Missouri Life columnist Ron Marr is not ready for prime time. He misses the Sears and Montgomery Ward cataloges and muses on what “Black Friday” really means. Maybe we should all consider what the holidays are really about.
By Ronn Marr
IT’S RUMORED THAT BACK IN THE OLDEN DAYS, people sometimes communicated in full sentences rather than via cryptic acronyms and poop emojis. Hard though it may be to comprehend, they spoke on the phone or in person. They shopped in actual stores, and come October, their mailboxes were stuffed with a couple of 70-pound, 8,000-page Christmas catalogs featuring seemingly endless offerings from Sears and Montgomery Ward.
Parents and kids alike spent hours perusing these wish books, compiling lists that included everything from Barbies, Hot Wheels, and BB guns, to washing machines, air compressors, and sofas.
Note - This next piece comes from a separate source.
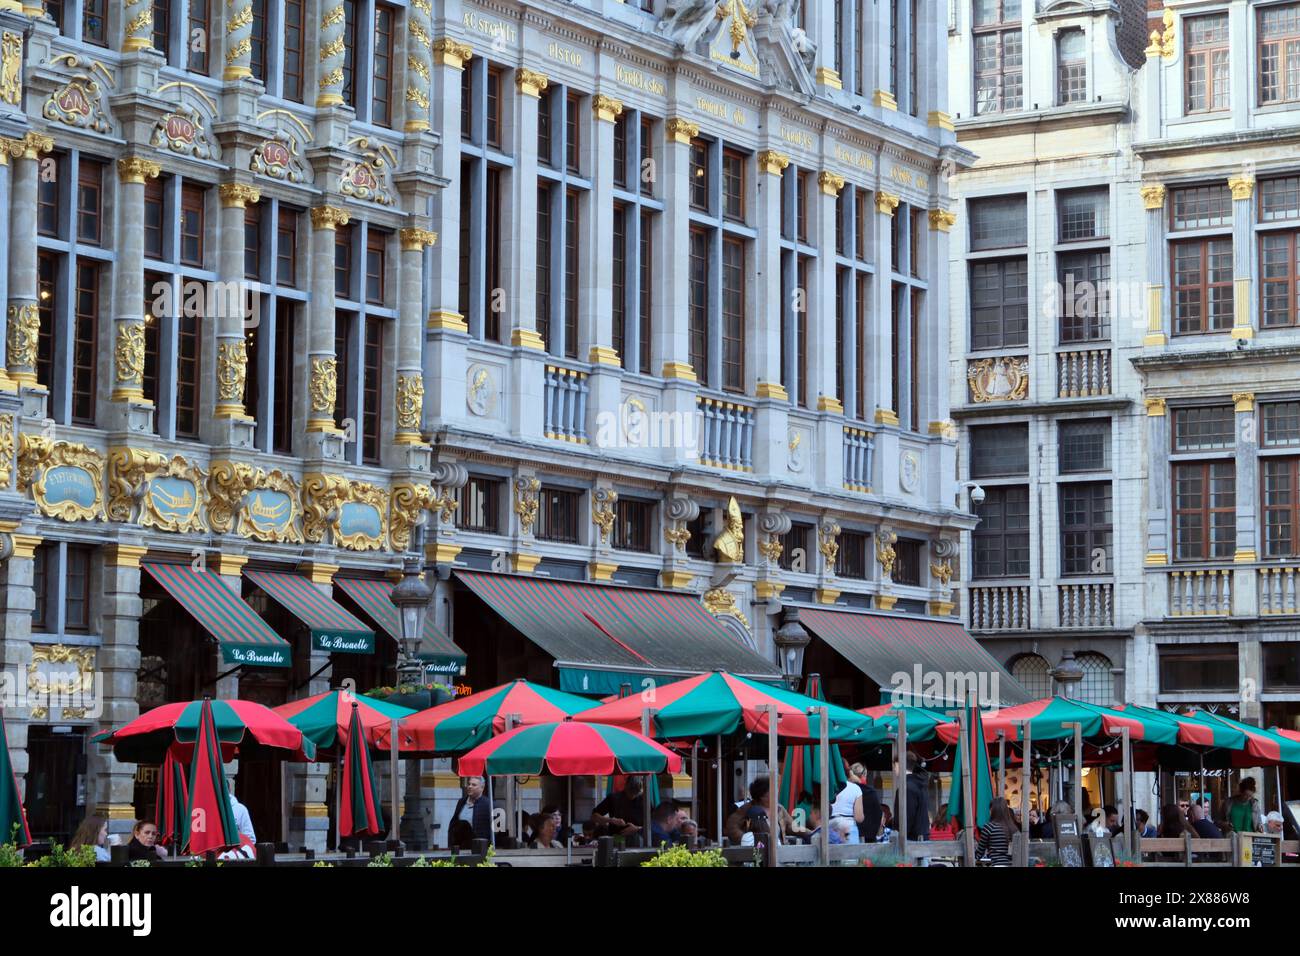 Bâtiments historiques sur la Grand-place ou Grote Markt ila place centrale de Bruxelles, Belgique Banque D'Images

Some far-rural folk ordered by mail, enclosing a check along with a hand-printed form, but most people shopped in person, believing you needed to see and touch an item before shelling out hard cash.
There really weren’t many discounts available in the lead-up to Christmas. You could fight the crowds on December 26th for whatever trash was left—I once witnessed a couple of old ladies getting in a brawl over discounted wrapping paper—but that was about it.
TV changed all that when an unknown ad executive with sociopathic tendencies invented the idea of Black Friday, a raucous retail rampage held the day after Thanksgiving. On Black Friday, merchants slashed prices, and sometimes overly competitive shoppers slashed each other. It was one part sale-of-the-century and two parts professional wrestling. Black Friday always offered a few bargains, but unless you enjoyed concussions and a mild trampling, it was best viewed from afar.
Then the Internet came along, and things got really weird. Tech moguls with sociopathic tendencies (mostly known) discovered there were billions to be made by creating heretofore unknown holidays that celebrated nothing. You may or may not have noticed, but Black Friday in 2023 might as well just be called “Friday.”
Super-special, once-in-a-lifetime holiday shopping events have become ubiquitous and constant. Thanks to Amazon’s marketing department, Prime Day is almost as popular as Christmas and Thanksgiving. I’m surprised they don’t rename it St. Bezos Day. Last summer, running concurrently with the Prime hysteria, a host of stores (Macy’s, Home Depot, and countless others) came up with Black Friday in July. Walmart, not to be outdone by Amazon, runs “30 Days of Black Friday,” starting in October.
This makes zero sense. I’m aware of the phrase “a month of Sundays,” but “a month of Black Fridays” does not fall trippingly from the tongue.
That’s just the tip of the consumer iceberg. Cyber Monday takes place on the Monday following what used to be the original Black Friday. It should not be confused with either Amazon’s new and improved Black Friday or Prime Day, even though each hootenanny features exactly the same stuff. Cyber Monday was originally geared toward enticing people to shop online, which seems a little redundant since pretty much everyone has been shopping online for nearly 20 years.
That leads to a confounding enigma. If a tree falls in the forest every second of every hour of every day, is it still a forest? When everything is special, then doesn’t the special become merely ordinary? Are you really getting a great deal during these omnipresent sales events, or are you just getting ripped off and overcharged the rest of the time?
I feel most sorry for Santa. It must confuse him mightily when his calendar app informs him that it’s Christmas in July. If every day is a holiday, then aren’t holidays a trifle moot?
I’ll bet Santa misses the Monkey Wards catalog.